James Madison Papers

To James Madison from Mason Locke Weems, 1 January 1814

From Mason Locke Weems

Jany. 1. 1814

Very Honord Sir

I once had the honor to hear your Excellency express much surprise that “Leonidas” had never been reprinted in this country. If your Excellency coud favor me with a manuscript expression of this sentiment, as a motto to a Subscription paper, I wd instantly set about reprinting that Divine poem which bids so fair to revive among us the Old Spartan Love of Liberty & Country.1 I feel happy in the thought that in asking this favor I am throwing no obstacle in the way of your Ruling Passion—the Public good.
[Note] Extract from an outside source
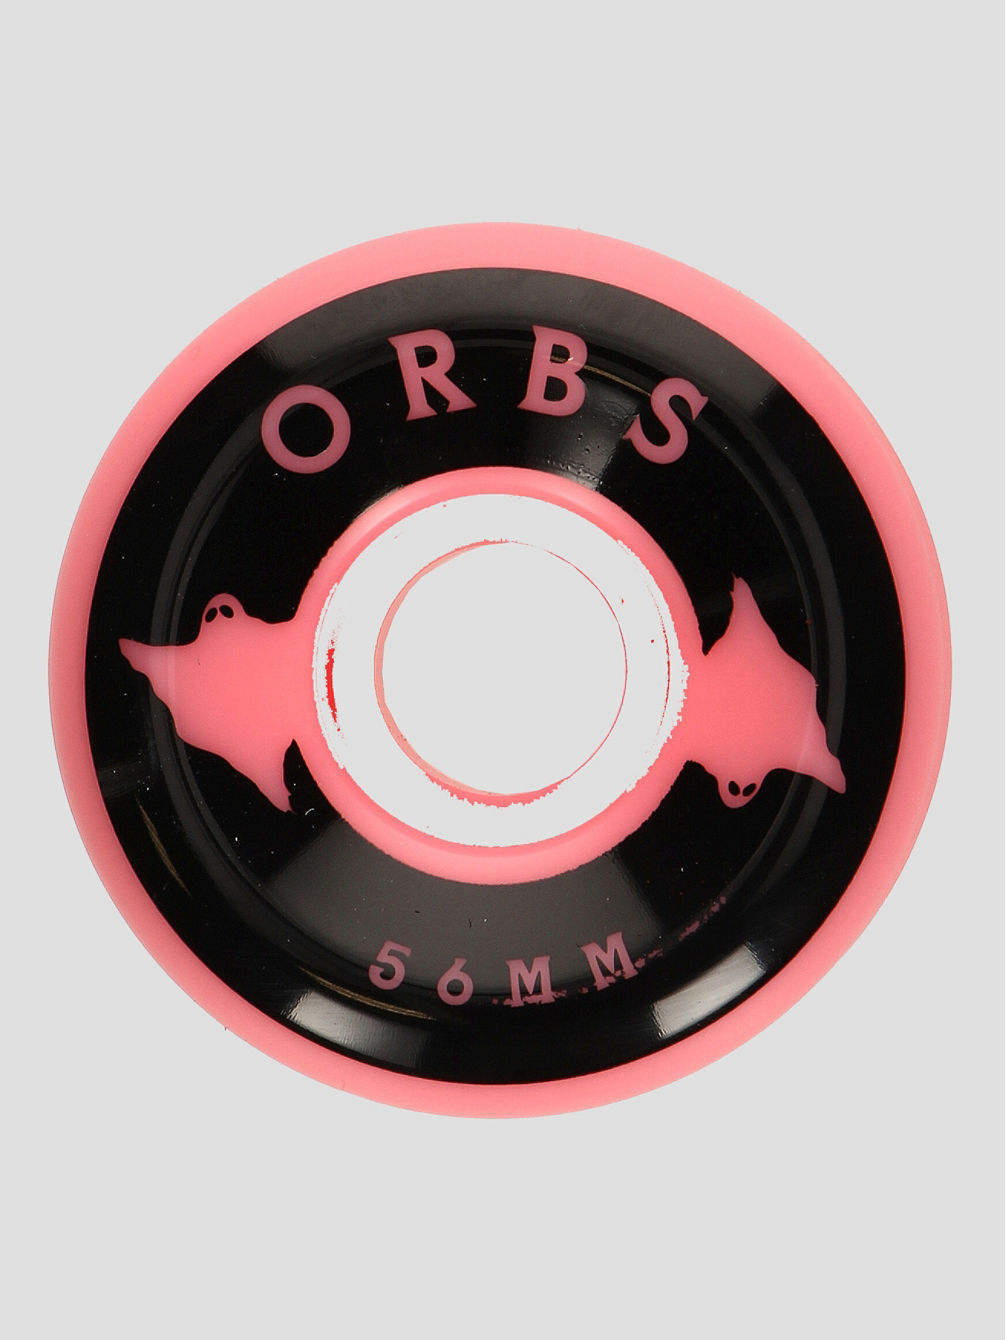 Orbs Specters - Conical - 99A 56mm Roues

If your Excellency coud drop me a line, at Balto. by the 6 or 7th Inst. you wd add another to the many favors already conferrd on me. Wishing your Excellency a happy new year & that you may see thirty more at least and each happier than the past, I beg leave to subscribe myself your Excellency’s Sincere Friend.

M. L. Weems

RC (DLC). Docketed by JM.

1Richard Glover’s epic poem Leonidas, first published in 1737, was reprinted in Baltimore from the sixth London edition in March 1814. The poem recounts the story of the Spartan king Leonidas’s attempt to defend Greece against a Persian invasion at the Battle of Thermopylae, in which he and all his compatriots were killed (ii, Preface i-vi, Shaw and Shoemaker description begins R. R. Shaw and R. H. Shoemaker, comps., American Bibliography: A Preliminary Checklist for 1801–1819 (22 vols.; New York, 1958–66). description ends 31590; Baltimore Patriot & Evening Advertiser, 1 Mar. 1814).